May 27, 2024

Hasan Rasay

Academic rank: Assistant professor
Education: Ph.D in Industrial Engineering
Phone: 38305005
Faculty: Faculty of Management Engineering


Reinforcement Learning based on Stochastic Dynamic Programming for Condition-based Maintenance of Deteriorating Production Processes
Type Presentation
Maintenance, Markov decision process, Dynamic programming, reinforcement learning
Researchers Hasan Rasay، Farnoosh Naderkhani، Amir Mohammad Golmohammadi


In this paper, a stochastic dynamic programming model is developed for maintenance planning on a deteriorating multistate production system. The quality of the bath/lot of items produced in each stage is employed as a condition monitoring for condition-based maintenance. The machine has m-1 operational states plus a non-operational state referred as the failure state. At the start of each stage, four actions are available for the management: (1) renew the system; (2) implement maintenance; (3) continue the production, and (4) inspect the system.

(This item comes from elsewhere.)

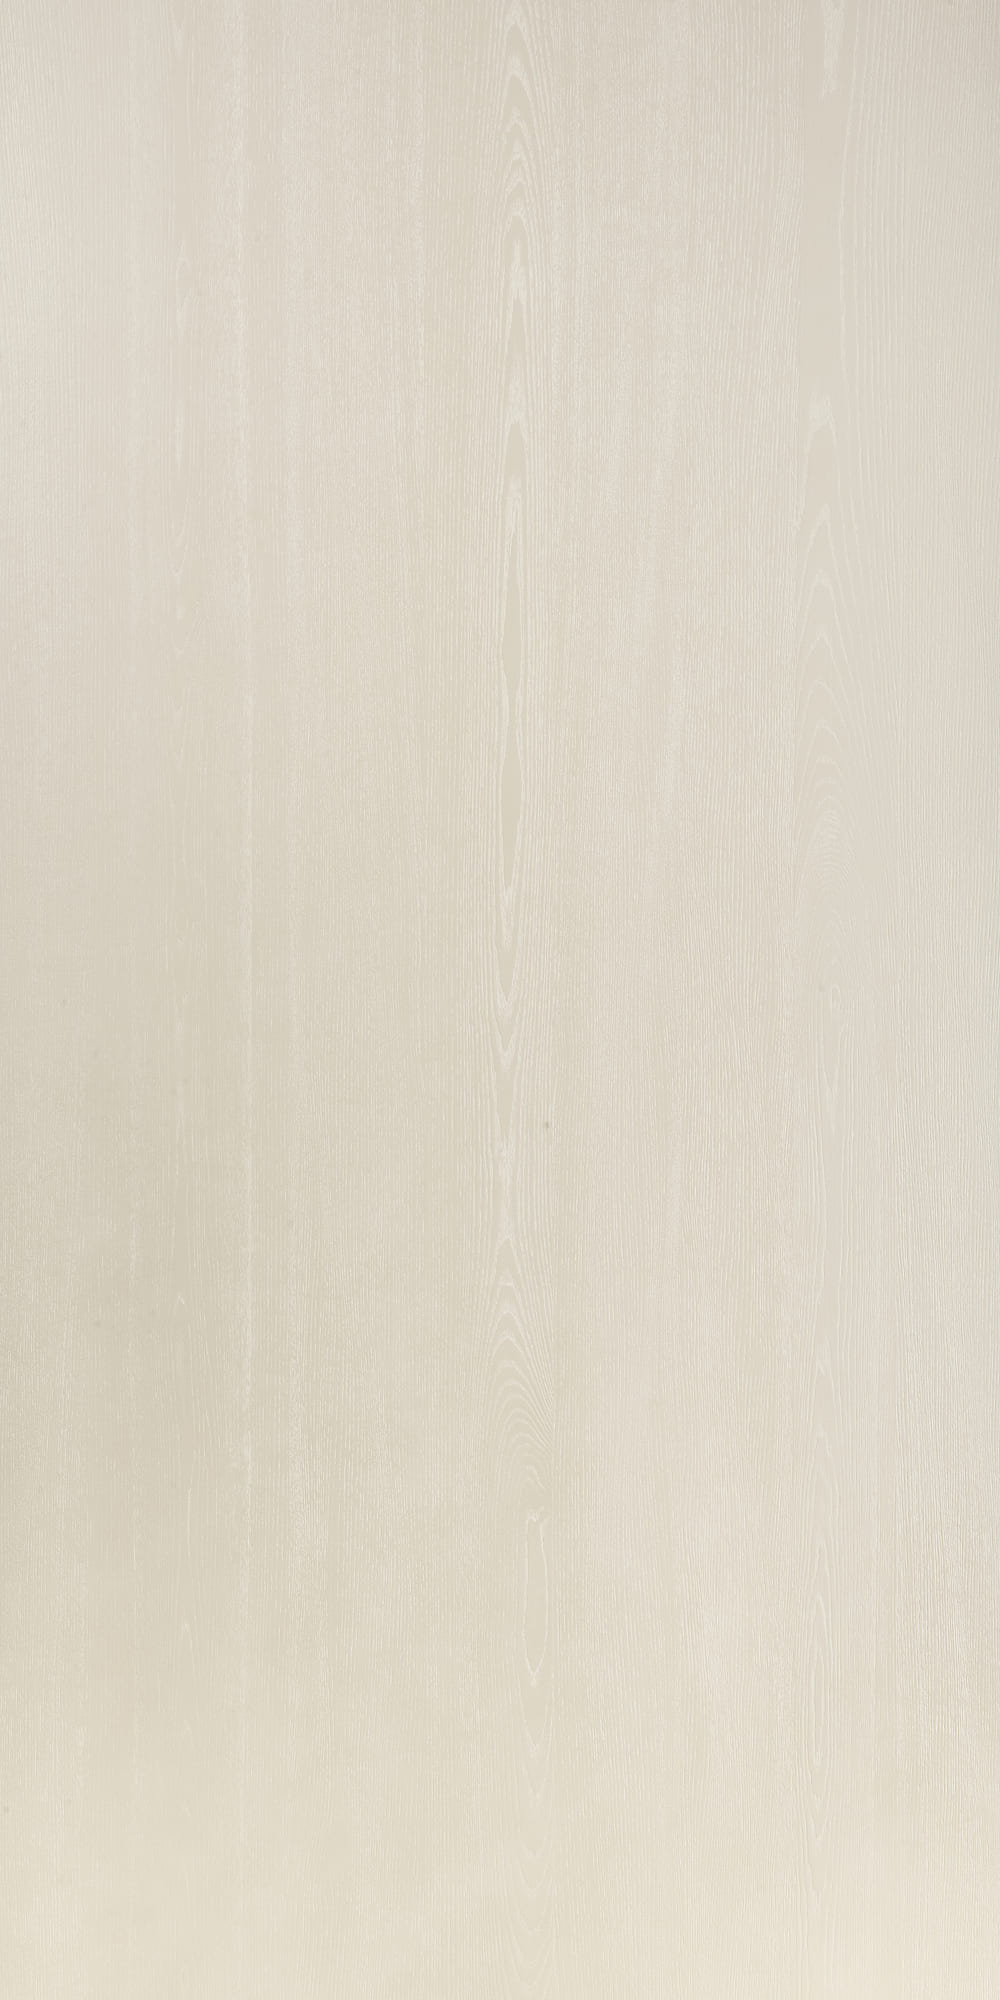 SJ-8154~1F 天然白橡木實木拼鋼刷塗裝板

It is assumed that the impact of the maintenance is imperfect which means after the maintenance, the system is restored to any non-worse states with known probabilities. As the system states change Markovianlly at the end of each stage, and the quality of the items produced depends on the system state, the system can be modeled based on a Markov decision process (MDP). As the MDP is the core of reinforcement learning, for the large-scale problem, it is discussed that the proposed stochastic dynamic programming can be employed to develop reinforcement learning algorithms. To this end, Q-learning algorithm is proposed.